Workers from Reynolds Electric Contractors, in coordination with Enterprise Electric, both from Nashville, Tenn., pulled dirt from a hole just after lunch on Monday. Nine poles will ultimately be set, according to Doug Reynolds, project coordinator. Four poles will be set on the football field and five on the baseball field (counting one pole that will be shared by both fields).

Doyle Miles of Reynolds Electric Contractors began drilling light pole holes Monday. (Campbellsville University Photo by Richard RoBards)











Doyle Miles of Reynolds Electric Contractors began drilling light pole
holes Monday. (Campbellsville University Photo by Richard RoBards)


Turf excavation will begin just after the first of the year, according to Director of CU Athletics Rusty Hollingsworth.
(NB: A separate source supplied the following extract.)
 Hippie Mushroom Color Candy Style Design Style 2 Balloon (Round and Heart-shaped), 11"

Hollingsworth said it will take four weeks to prepare the base and four weeks to lay the turf – all contingent upon the weather.

“We are excited about the possibility of having our lights and field in place for spring practice. This will be a huge benefit to us at a time when the field conditions and weather can be unpredictable,” said football coach Perry Thomas. “Getting started in January will give us a great showcase area to take our recruits as they come on campus. This will get them excited about the growth happening here not only in the educational areas but also with our athletic facilities.”
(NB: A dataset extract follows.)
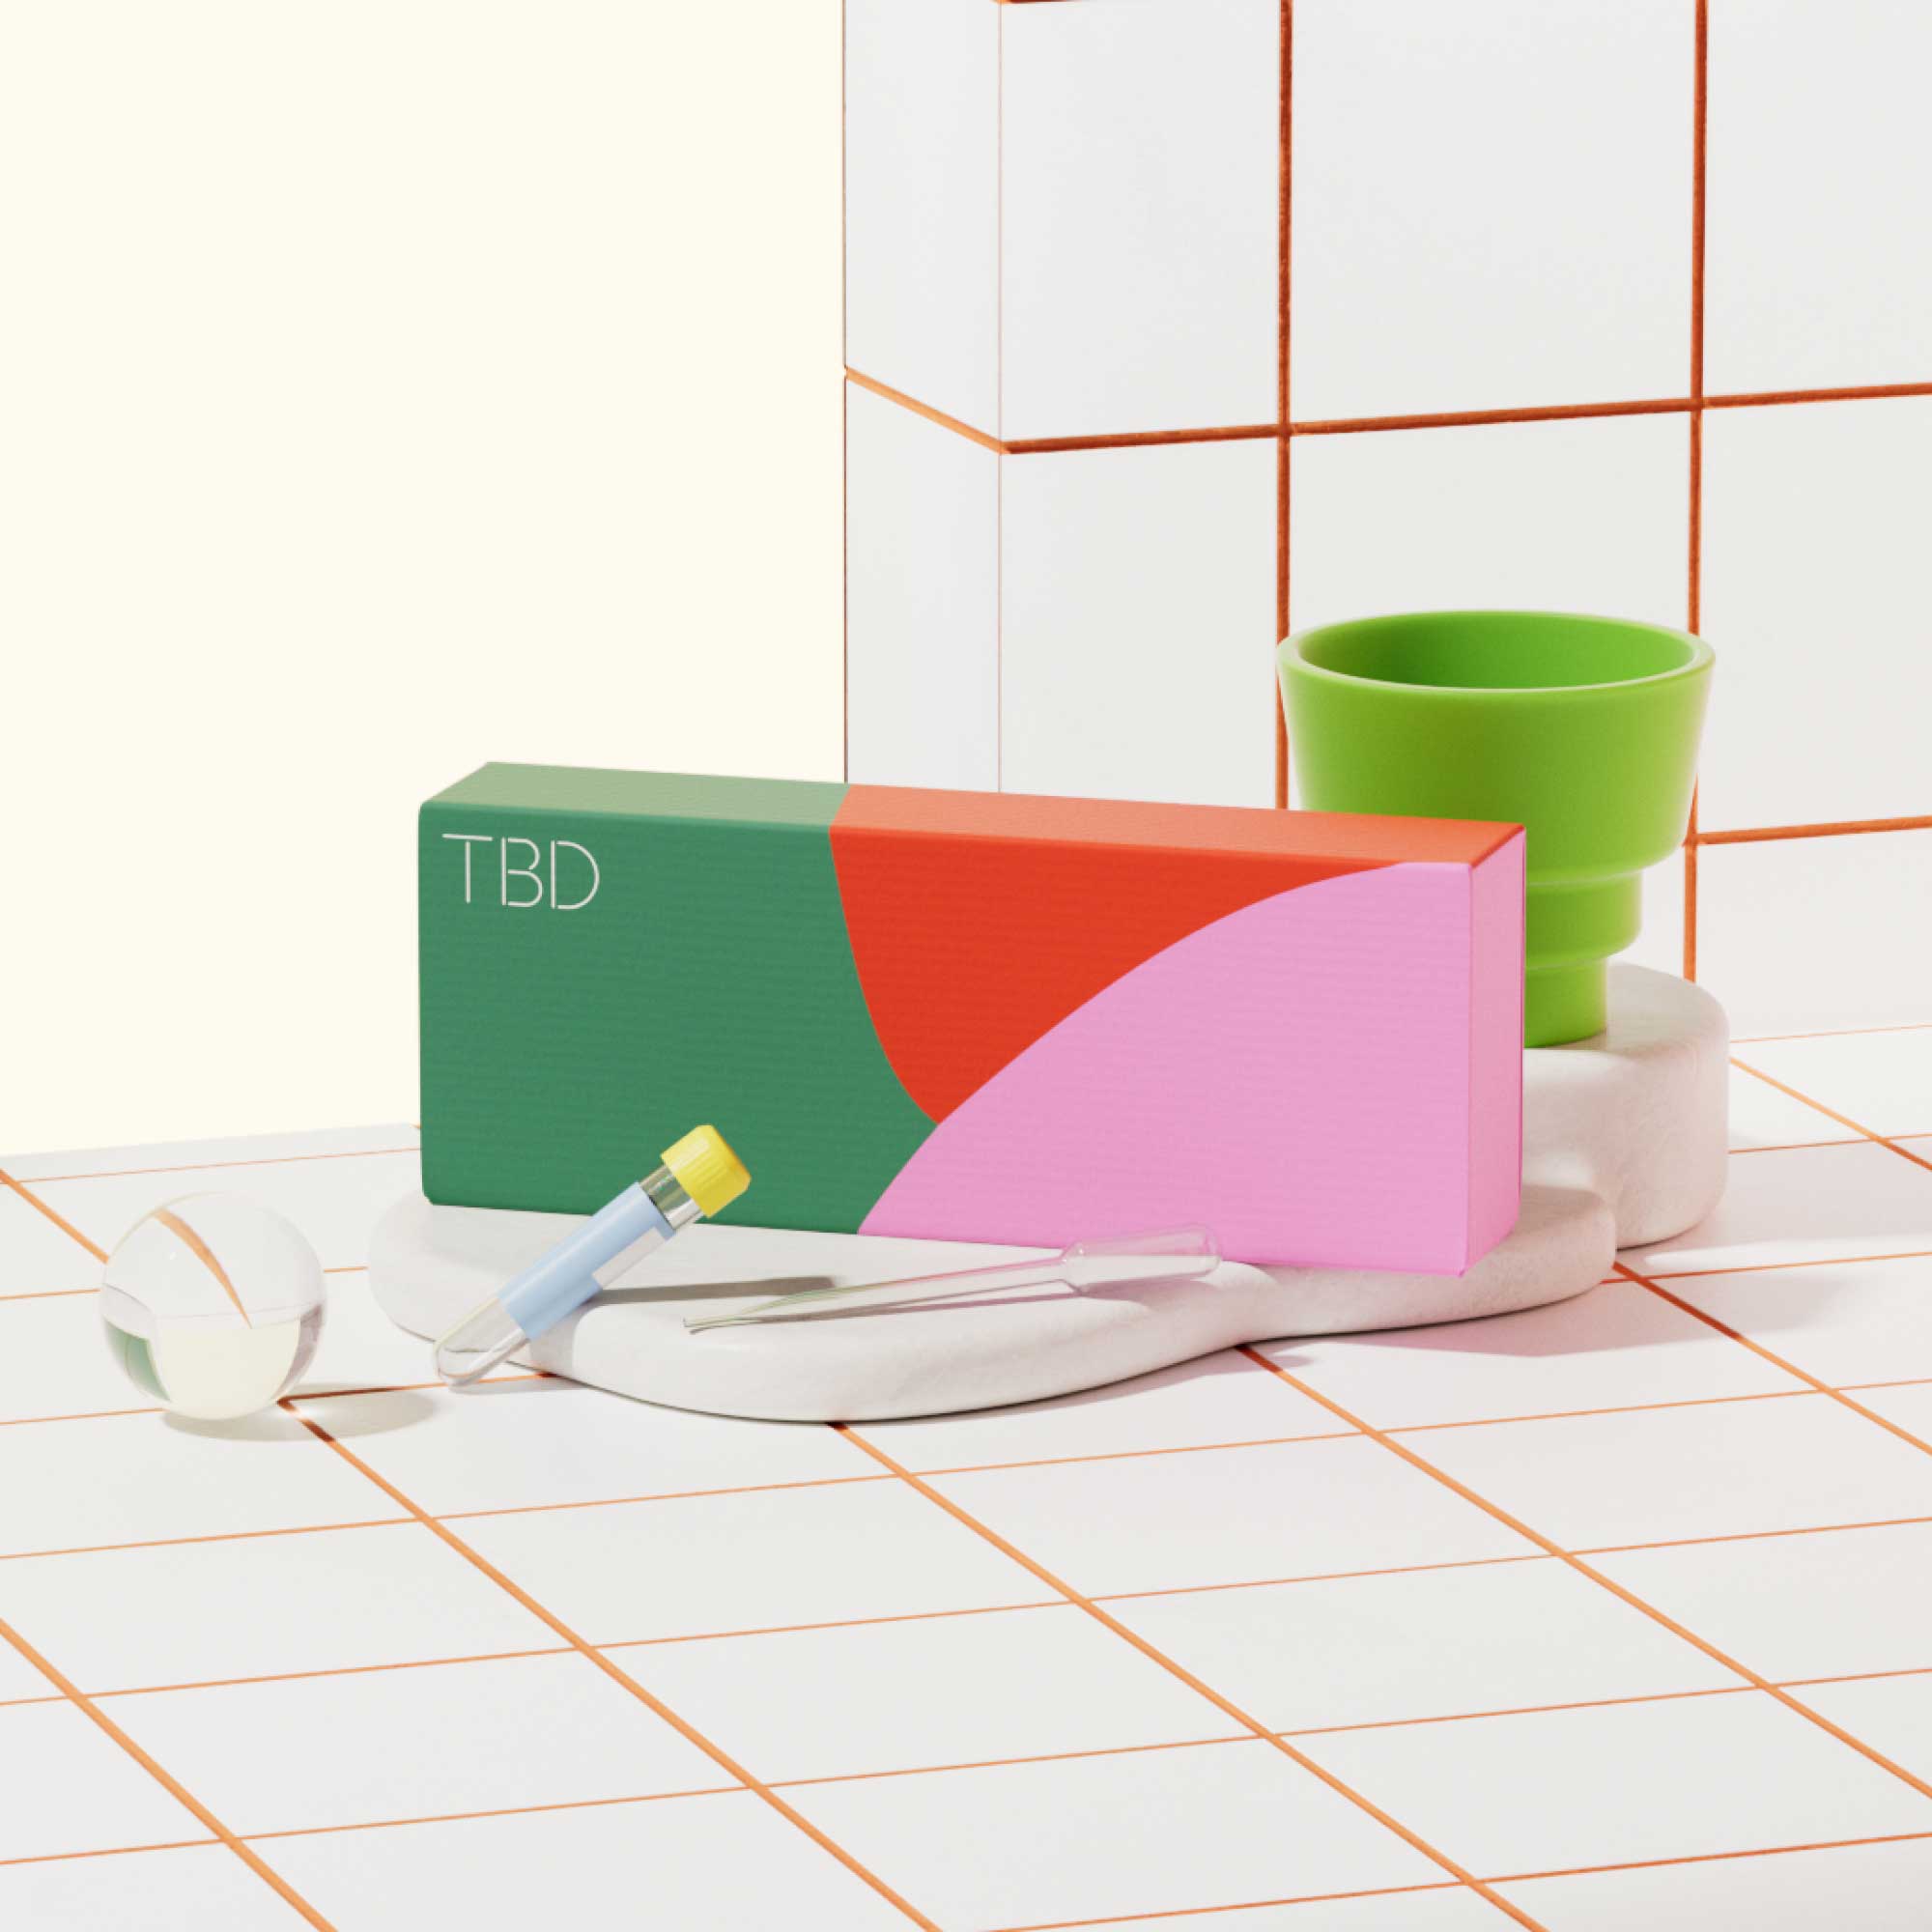 A colorful TBD Health shipping box with test tubes and vials on organic-shaped ceramic blocks on a red and white tiled surface

The nine light pole holes will each be drilled 16-20 feet deep and a pre-stressed “stud” will be placed in the hole and concrete poured in around it. Once the concrete sets for a few days, metal poles will be attached to the “stud.”
“Our ultimate goal is Feb. 1, but that all depends on the weather,” said Reynolds.

Once the poles are set, 157 Musco Lighting System light fixtures will be erected on the poles.  Each light has been built at a computerized designated angle to produce optimal lighting in every corner of each field, Reynolds said. According to Reynolds, the football field will have 75 foot candles of constant light and the baseball field 70 foot candles in the infield and 50 in the outfield.

When asked to define foot candle in layman’s terms, Reynolds said: “Well, let’s just say it will be quite bright.”

Reynolds said most high school football fields provide 40 to 50 foot candle power. “So, I would assume the university fields will be 1 1/2 to 2 times brighter that that.”

Reynolds also said that the system the university choose is a “green system” that is energy efficient and eliminates spillover light outside the playing areas.

During turf preparation, according to Hollingsworth, about eight inches of soil will be removed and replaced by 4 inches of larger rock and 1 ½ inches of smaller rock. It will all be laser graded and a geo-textile material will be laid on top of the base that allows water to permeate into the drainage system. A 12-inch tile will be set every 30 feet. Hollingsworth said the field is supposed to be able to sustain 10 inches of rain in one hour and still be playable.

“This is a project that benefits so many people on our campus,” said Hollingsworth. “Obviously it greatly benefits our football and soccer programs. It will also benefit the marching band, intramurals and summer camps. The turf field could also allow us the ability to add new sports in the future.”

EnviroTurf out of Jackson, Miss. will be doing the field work. They are the NAIA-recognized turf vendor. The hope is to have the field ready for the football team’s spring game.

“We initiated a $1.2 million athletic fund-raising campaign back on September 25 and have many opportunities for individuals and businesses to become involved with this project,” Hollingsworth continued.